When Does Impedance Matching A PCB Trace Become Unavoidable?

August 27, 2023 by 21 Comments

A common joke in electronics is that every piece of wire and PCB trace is an antenna, with the only difference being whether this was intentional or not. In practical terms, low-frequency wiring is generally considered to be ‘safe’, while higher frequency circuits require special considerations, including impedance (Z) matching.  Where the cut-off is between these two types of circuits is not entirely clear, however, with various rules-of-thumb in existence, as [Sebastian] over at Baltic Lab explains.

A popular rule is that no impedance matching between the trace and load is necessary if the critical length of a PCB trace (lcrit) is 1/10th of the wavelength (λ). Yet is this rule of thumb correct? Running through a number of calculations it’s obvious that the only case where the length of the PCB trace doesn’t matter is when trace and load impedance are matched.

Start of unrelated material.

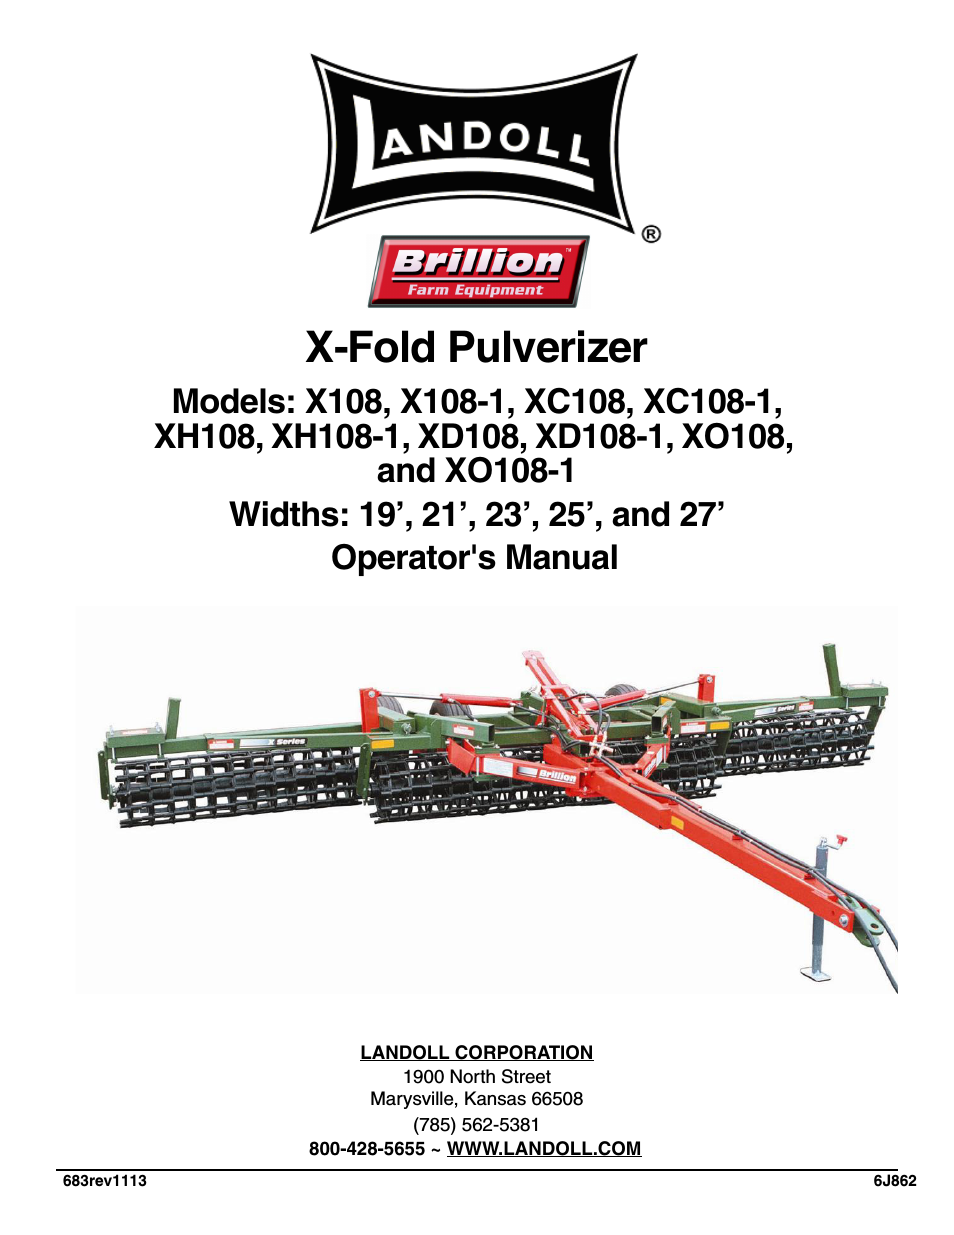 XO108/XO108-1 X-Fold Pulverizer

According to these calculations, the 1/10 rule is not a great pick if your target is a mismatch loss of less than 0.1 dB, with 1/16 being a better rule. Making traces wider on the PCB can be advisable here, but ultimately you have to know what is best for your design, as each project has its own requirements. Even when the calculations look good, that’s no excuse to skip the measurement on the physical board, especially with how variable the dielectric constant of FR4 PCB material can be between different manufacturers and batches.

Heading image: Input impedance plotted as a function of trace impedance for trace lengths of 1/10, 1/16, and 1/20 of a wavelength. (Credit: Baltic Labs)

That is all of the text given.